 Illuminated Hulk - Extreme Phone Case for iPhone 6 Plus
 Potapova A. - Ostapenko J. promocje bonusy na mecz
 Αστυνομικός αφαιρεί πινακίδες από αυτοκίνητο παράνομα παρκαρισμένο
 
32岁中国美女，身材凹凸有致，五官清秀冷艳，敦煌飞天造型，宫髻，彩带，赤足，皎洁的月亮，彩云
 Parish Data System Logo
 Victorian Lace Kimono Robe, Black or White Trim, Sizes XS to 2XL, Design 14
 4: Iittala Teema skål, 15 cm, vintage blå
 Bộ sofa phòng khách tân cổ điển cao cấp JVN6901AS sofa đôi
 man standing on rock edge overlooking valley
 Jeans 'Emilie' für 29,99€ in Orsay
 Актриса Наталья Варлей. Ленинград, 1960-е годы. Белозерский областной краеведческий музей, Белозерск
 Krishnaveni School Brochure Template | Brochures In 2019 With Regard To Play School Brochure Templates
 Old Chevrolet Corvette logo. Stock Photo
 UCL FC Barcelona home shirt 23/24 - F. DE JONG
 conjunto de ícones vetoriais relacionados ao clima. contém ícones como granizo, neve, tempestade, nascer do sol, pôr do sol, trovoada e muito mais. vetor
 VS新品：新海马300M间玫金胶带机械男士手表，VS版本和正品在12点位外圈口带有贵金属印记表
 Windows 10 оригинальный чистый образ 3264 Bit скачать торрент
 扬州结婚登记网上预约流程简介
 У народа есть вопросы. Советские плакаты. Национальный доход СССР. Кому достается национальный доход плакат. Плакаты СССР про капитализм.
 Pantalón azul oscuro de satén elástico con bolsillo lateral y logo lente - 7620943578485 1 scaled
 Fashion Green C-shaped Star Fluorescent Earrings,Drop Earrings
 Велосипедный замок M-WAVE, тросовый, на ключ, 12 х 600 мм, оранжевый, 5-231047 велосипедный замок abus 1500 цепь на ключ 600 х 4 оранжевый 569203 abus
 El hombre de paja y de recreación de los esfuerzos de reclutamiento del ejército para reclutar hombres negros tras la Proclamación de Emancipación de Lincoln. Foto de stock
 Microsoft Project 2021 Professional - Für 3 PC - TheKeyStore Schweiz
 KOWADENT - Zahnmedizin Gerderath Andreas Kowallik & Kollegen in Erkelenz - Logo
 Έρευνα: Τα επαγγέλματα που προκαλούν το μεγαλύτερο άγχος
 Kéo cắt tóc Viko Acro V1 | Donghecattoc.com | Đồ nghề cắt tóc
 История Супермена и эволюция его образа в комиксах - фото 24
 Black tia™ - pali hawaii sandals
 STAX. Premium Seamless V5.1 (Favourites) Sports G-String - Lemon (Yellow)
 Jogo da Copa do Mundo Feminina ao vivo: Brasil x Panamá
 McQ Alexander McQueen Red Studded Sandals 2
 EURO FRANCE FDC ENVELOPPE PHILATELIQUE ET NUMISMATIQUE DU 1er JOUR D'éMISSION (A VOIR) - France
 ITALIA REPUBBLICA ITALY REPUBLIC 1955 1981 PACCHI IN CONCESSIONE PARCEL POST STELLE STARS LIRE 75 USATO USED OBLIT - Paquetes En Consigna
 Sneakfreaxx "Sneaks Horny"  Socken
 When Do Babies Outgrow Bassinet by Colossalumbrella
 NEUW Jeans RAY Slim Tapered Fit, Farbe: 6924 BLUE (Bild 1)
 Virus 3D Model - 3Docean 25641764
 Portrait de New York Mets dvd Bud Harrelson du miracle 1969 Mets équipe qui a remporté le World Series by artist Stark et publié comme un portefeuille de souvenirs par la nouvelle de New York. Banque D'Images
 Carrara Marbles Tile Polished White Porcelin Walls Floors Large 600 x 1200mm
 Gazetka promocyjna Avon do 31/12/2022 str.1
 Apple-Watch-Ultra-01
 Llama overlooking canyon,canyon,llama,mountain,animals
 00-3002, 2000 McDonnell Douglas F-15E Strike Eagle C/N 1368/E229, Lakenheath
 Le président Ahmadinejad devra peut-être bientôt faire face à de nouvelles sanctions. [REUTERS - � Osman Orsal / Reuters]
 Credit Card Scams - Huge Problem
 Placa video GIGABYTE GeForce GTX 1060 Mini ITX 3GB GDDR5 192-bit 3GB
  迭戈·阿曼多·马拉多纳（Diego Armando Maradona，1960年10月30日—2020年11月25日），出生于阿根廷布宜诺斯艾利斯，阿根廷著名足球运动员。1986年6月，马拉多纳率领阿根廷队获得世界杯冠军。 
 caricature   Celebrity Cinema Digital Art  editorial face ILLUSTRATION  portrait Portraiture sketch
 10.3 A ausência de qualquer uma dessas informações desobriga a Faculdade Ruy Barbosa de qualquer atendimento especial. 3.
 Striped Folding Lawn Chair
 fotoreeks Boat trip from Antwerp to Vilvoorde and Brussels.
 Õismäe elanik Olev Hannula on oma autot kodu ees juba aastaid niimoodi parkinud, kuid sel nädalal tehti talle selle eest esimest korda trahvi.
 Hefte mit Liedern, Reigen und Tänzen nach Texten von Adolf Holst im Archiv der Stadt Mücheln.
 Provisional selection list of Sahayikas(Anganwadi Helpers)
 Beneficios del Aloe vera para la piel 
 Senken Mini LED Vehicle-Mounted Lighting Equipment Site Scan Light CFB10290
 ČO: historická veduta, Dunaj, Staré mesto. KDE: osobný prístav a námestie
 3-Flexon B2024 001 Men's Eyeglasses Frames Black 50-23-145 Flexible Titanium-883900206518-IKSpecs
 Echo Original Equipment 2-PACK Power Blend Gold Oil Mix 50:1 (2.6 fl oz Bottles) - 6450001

★ ★ ★ ★ ★ ★ ★

--- What is expected ---
Please copy out each line of the material that contains the string "White".

--- Exercise result ---
 Victorian Lace Kimono Robe, Black or White Trim, Sizes XS to 2XL, Design 14
 Carrara Marbles Tile Polished White Porcelin Walls Floors Large 600 x 1200mm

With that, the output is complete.